Postnatal data collection was carried out 9 months after childbirth using the same method as the antenatal data collection. Participants were included in the longitudinal analyses for this study if (1) they were the biological mother of the child and (2) they provided data during the third trimester of their pregnancy and at 9 months after childbirth. A total of 5301 women were included in the analyses. There were 358 women (6.3% of the antenatal sample) who were lost to follow-up (i.e., they provided data during pregnancy but not 9 months after childbirth). There were no missing data for any of the EDS/EPDS items at either the antenatal or postnatal interview.

Compared with those included, the participants who were excluded from the longitudinal analyses were significantly: younger; more likely to be Māori, Pacific or Asian; less likely to have a degree; more likely to be unemployed during pregnancy; more likely to be in a low socioeconomic group; and less likely to be cohabiting with a partner or married. Nonetheless, participants included in the longitudinal analyses were similar to NZ national birth data in terms of maternal age and were sufficiently ethnically and socioeconomically diverse to allow for meaningful multilevel analyses.

Participants excluded from the longitudinal analyses were significantly more likely to have reached the study criteria for antenatal depression. Thus, the rate of depression during pregnancy in these longitudinal analyses was slightly lower than the prevalence in our previous report (11.9%) (Waldie et al. 2015).

Measures

ADS and PDS were measured using the Edinburgh Postnatal Depression Scale (EPDS) (Cox et al. 1987); a tool that has also been validated for use in pregnancy and is referred to as the Edinburgh Depression Scale (EDS) when used outside of the postnatal period (Cox et al. 1996). The EDS/EPDS has ten items scored 0–3 and a maximum score of 30. Rates of ADS and PDS were calculated using a cut-off of 12/13. Sensitivity/specificity for major depression at this cut-off are estimated to be 0.83/0.90 and 0.80/0.93 in the antenatal and postnatal periods respectively (National Institute for Health and Clinical Excellence 2014). Participants were divided into four groups defined as follows: ADS only (antenatal interview EDS >12 and postnatal interview EPDS ≤12); PDS only (antenatal interview EDS ≤12 and postnatal interview EPDS >12); ADS + PDS (antenatal interview EDS >12 and postnatal interview EPDS >12); and ‘no depression’ (antenatal interview EDS <12 and postnatal interview EPDS <12).

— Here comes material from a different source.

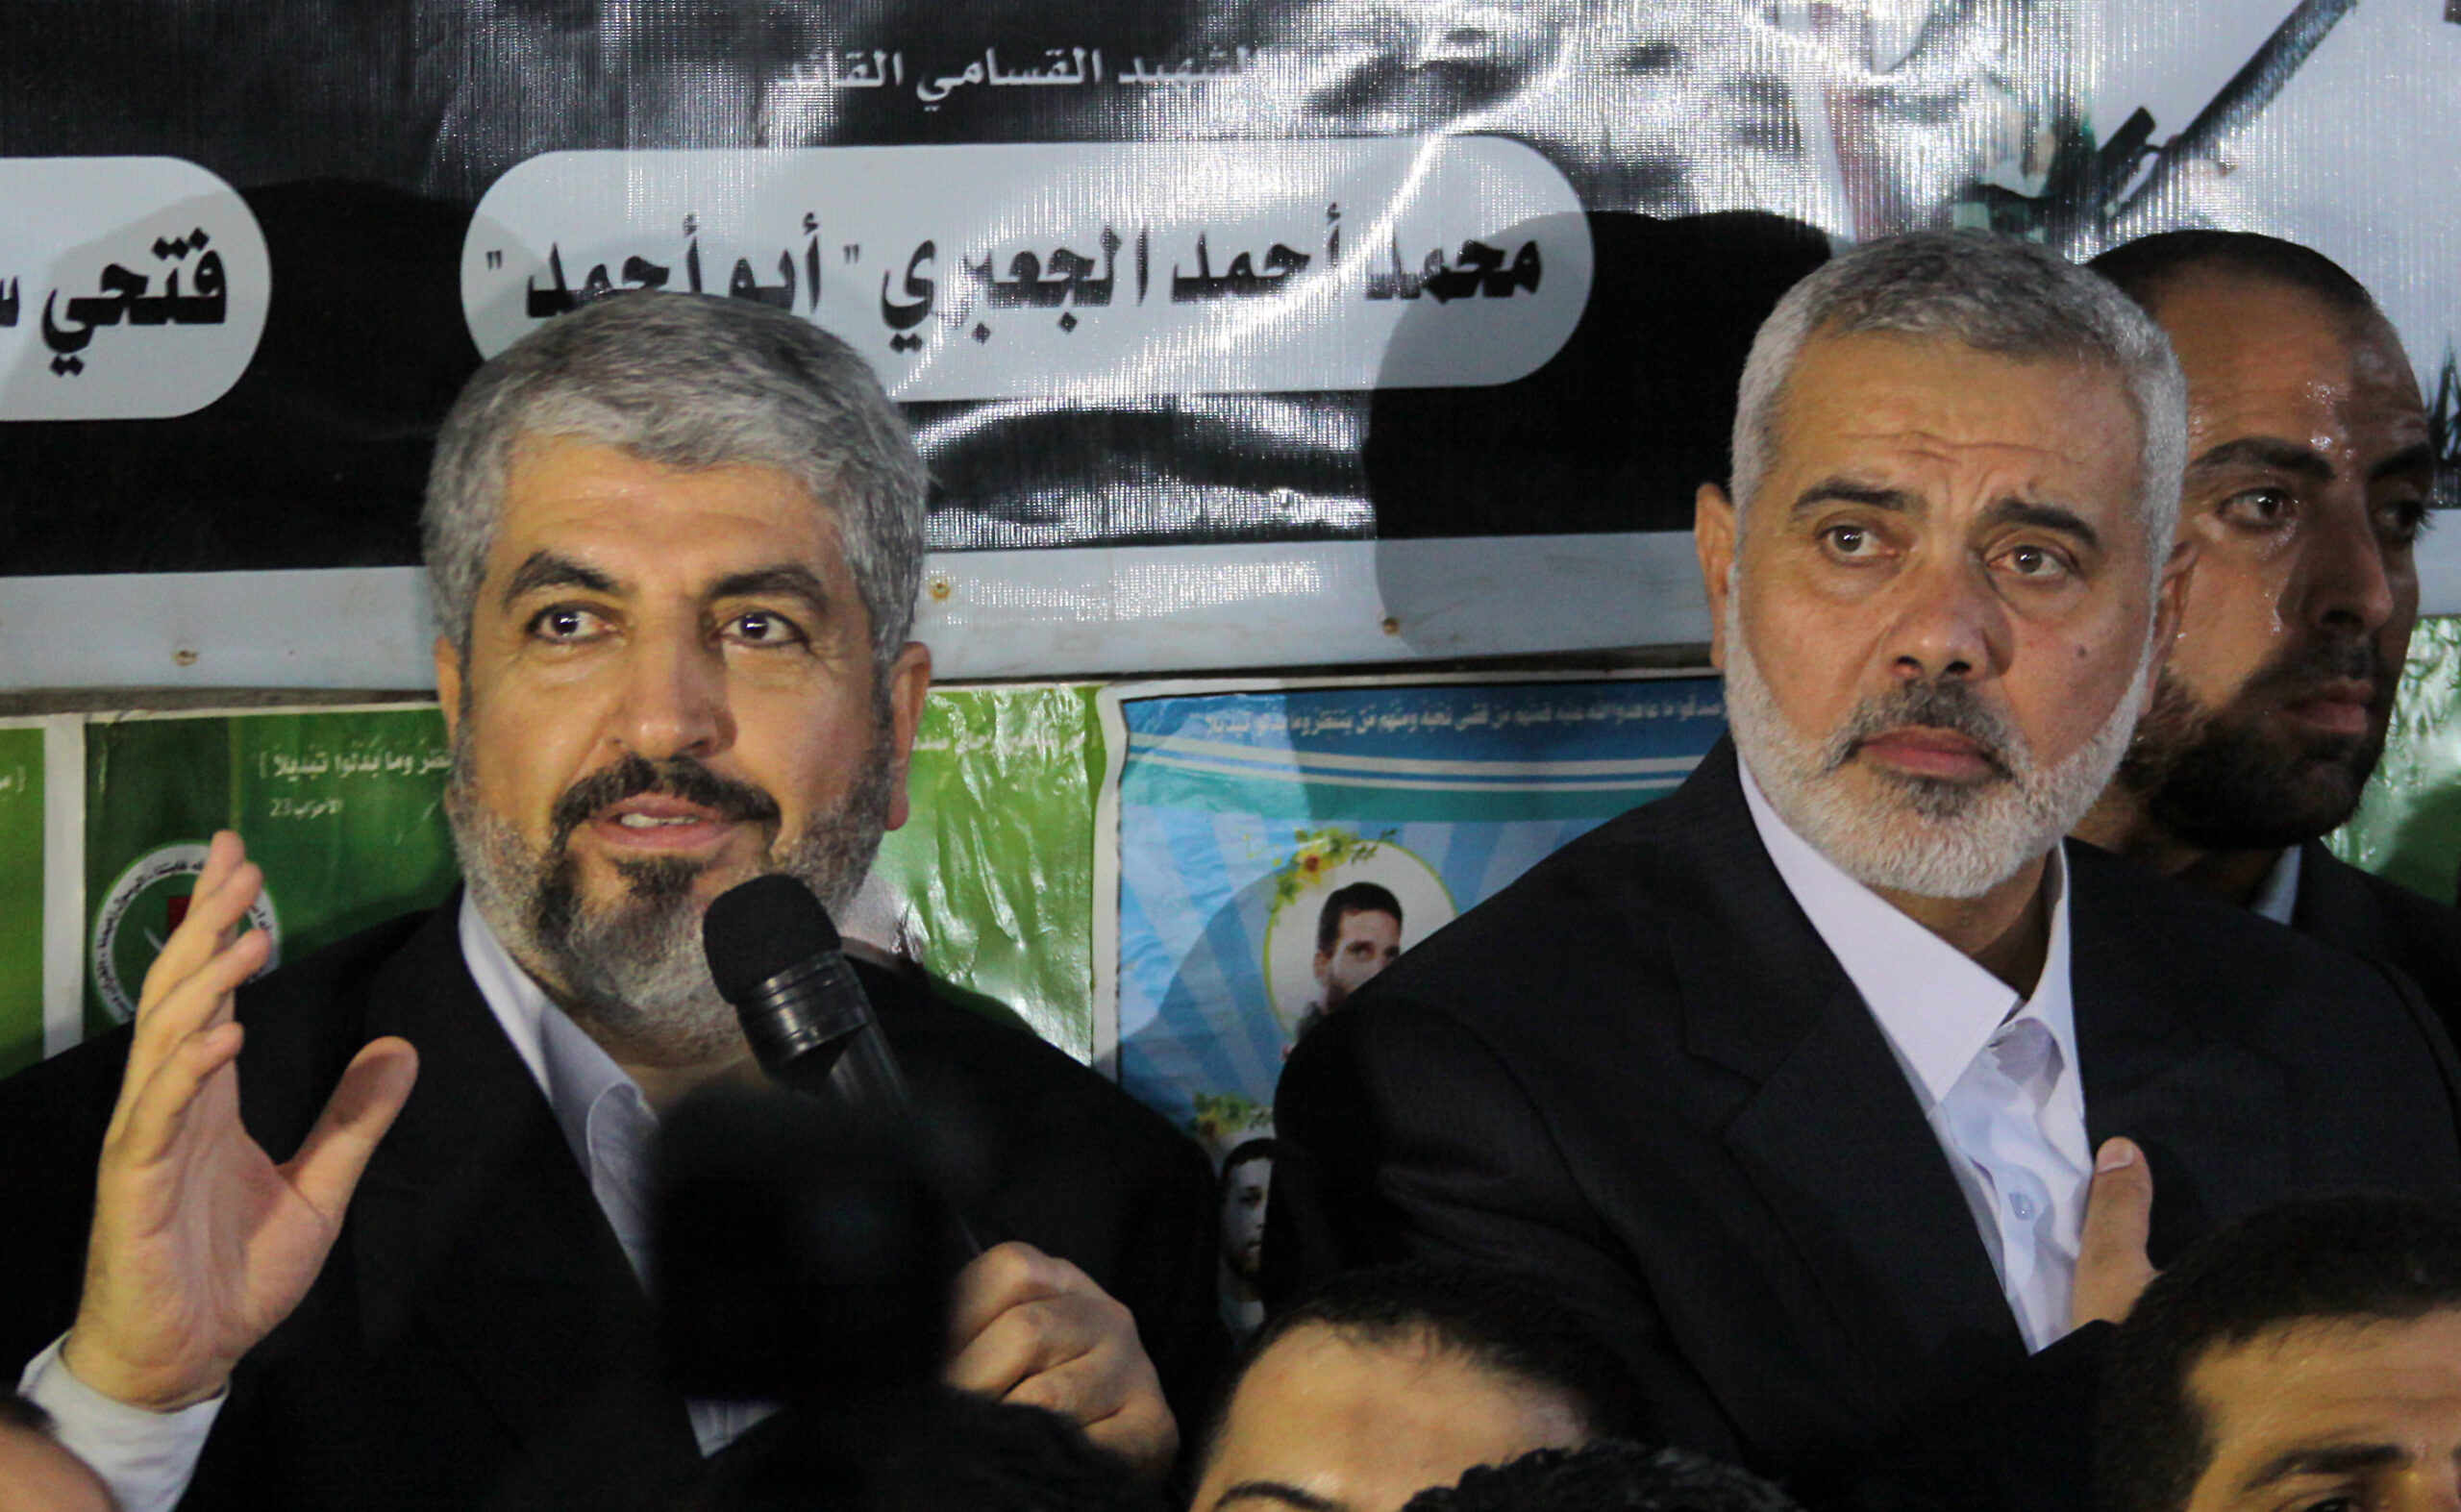 Μυστική συνάντηση των ηγετών της Χαμάς στην Τουρκία

Socio-demographic variables collected by self-report during the antenatal interview included maternal age, workforce participation, relationship status, educational qualifications, socioeconomic status and ethnicity. The latter was defined as the woman’s self-prioritised ethnicity. External prioritisation was carried out (as utilised by Statistics New Zealand 2004) for mothers who identified with more than one ethnicity and did not provide a self-prioritised main ethnicity. New Zealand has six broad ethnic groups: New Zealand European; Māori; Pacific Peoples; Asian; Middle Eastern, Latin American and African (MELAA); and other (Statistics New Zealand 2004). In this study participants identifying as MELAA or other were grouped together as Other ethnicities. The term New Zealand European (the largest ethnic group making up 69% of the population) refers to New Zealanders of European descent. Around 23% of people living in New Zealand were born overseas, with most immigrants coming from the United Kingdom, China, the Pacific Islands, Australia, India, South Africa and Korea. In the Growing Up in New Zealand study, the proportion of mothers born in New Zealand for each ethnic group was: 98% for Māori; 80% for New Zealand European; 47% for Pacific Peoples; 6% for Asian; and 6% for other.

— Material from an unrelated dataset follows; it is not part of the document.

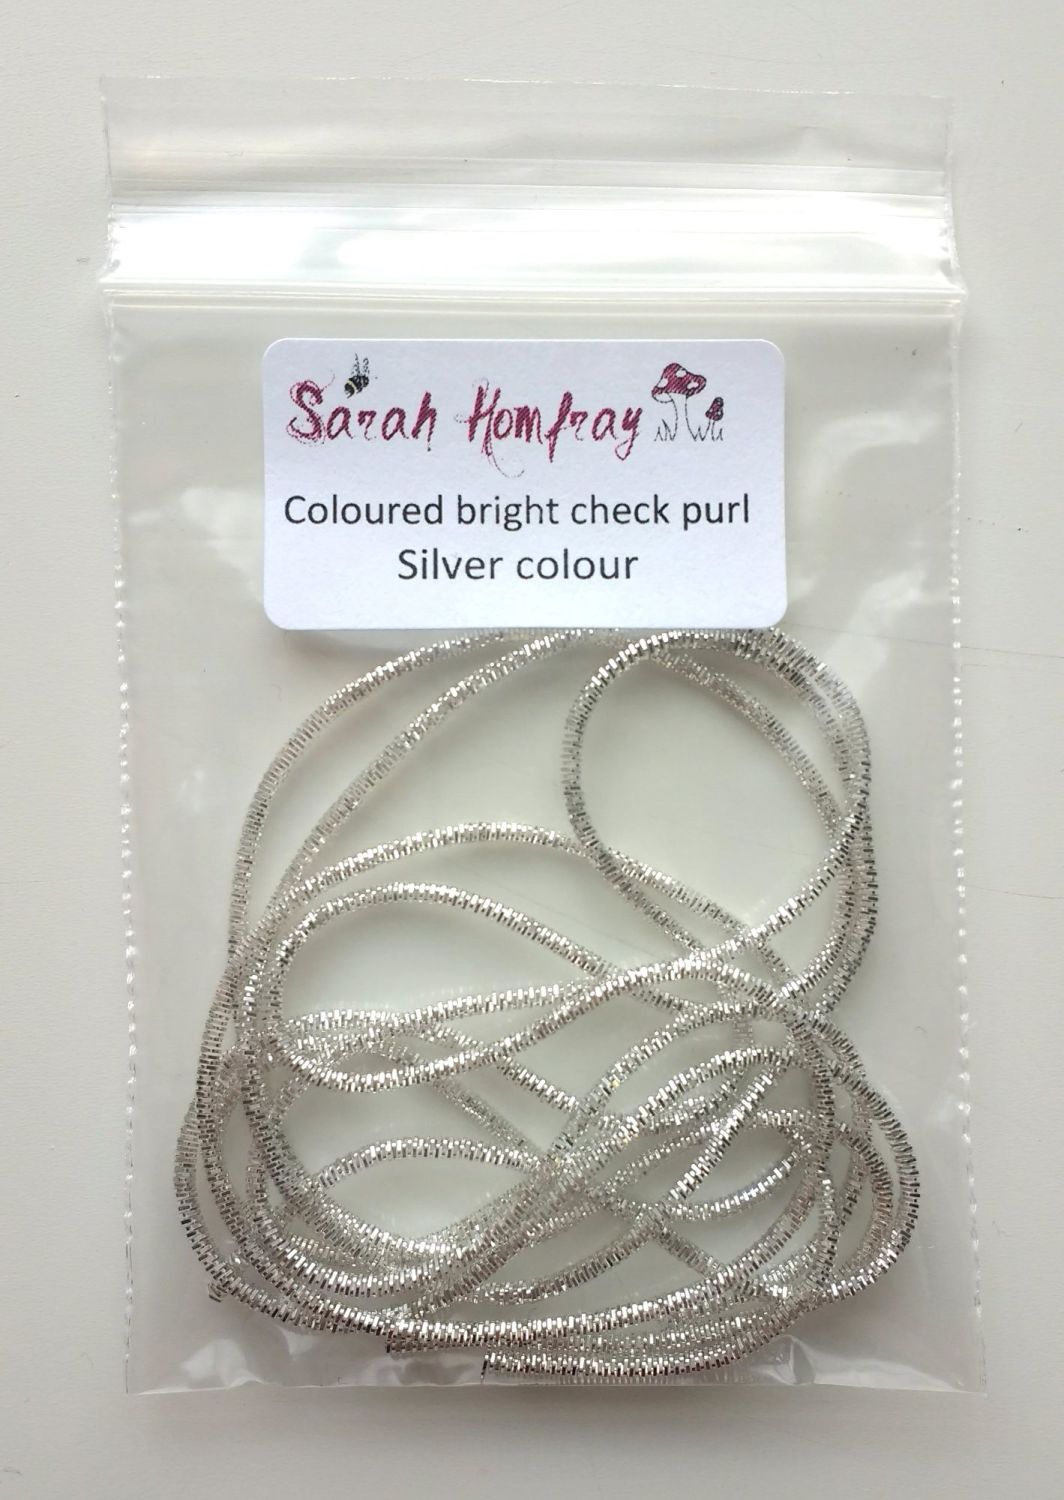 NEW! Coloured bright check purl no.6 - Silver colour

Self-reported health data collected during the antenatal interview included perceived general health before pregnancy using a 5-point Likert scale from excellent to poor from the SF-36 general health questionnaire (Ware et al. 1994); whether participants had a long-term disability and to what extent they experienced nausea during pregnancy. Participants reported their smoking behavior and alcohol consumption before and during pregnancy. Participants were asked whether they had ever at any time in their life had any of the following illnesses diagnosed by a doctor: asthma; anaemia; depression; either heart disease or high blood pressure; diabetes; either anxiety or panic attacks. For each condition participants were asked to choose one of the following options: never; before this pregnancy but not during this pregnancy; before this pregnancy and during this pregnancy; only during this pregnancy. Participants were asked the following questions about before they became pregnant, during the first 3 months of pregnancy and since the first 3 months of pregnancy: how many days per week (0–7) did you do vigorous activity; how long on average did you do this type of activity on these days (<30, 30–60, >60 min). These questions were repeated for moderate activity. For this study, ‘exercise’ was defined as moderate or vigorous activity for at least 30 min on five (or more) days a week (Ministry of Health 2003). Participants reported whether or not their pregnancy was planned and whether they had any previous pregnancies/children.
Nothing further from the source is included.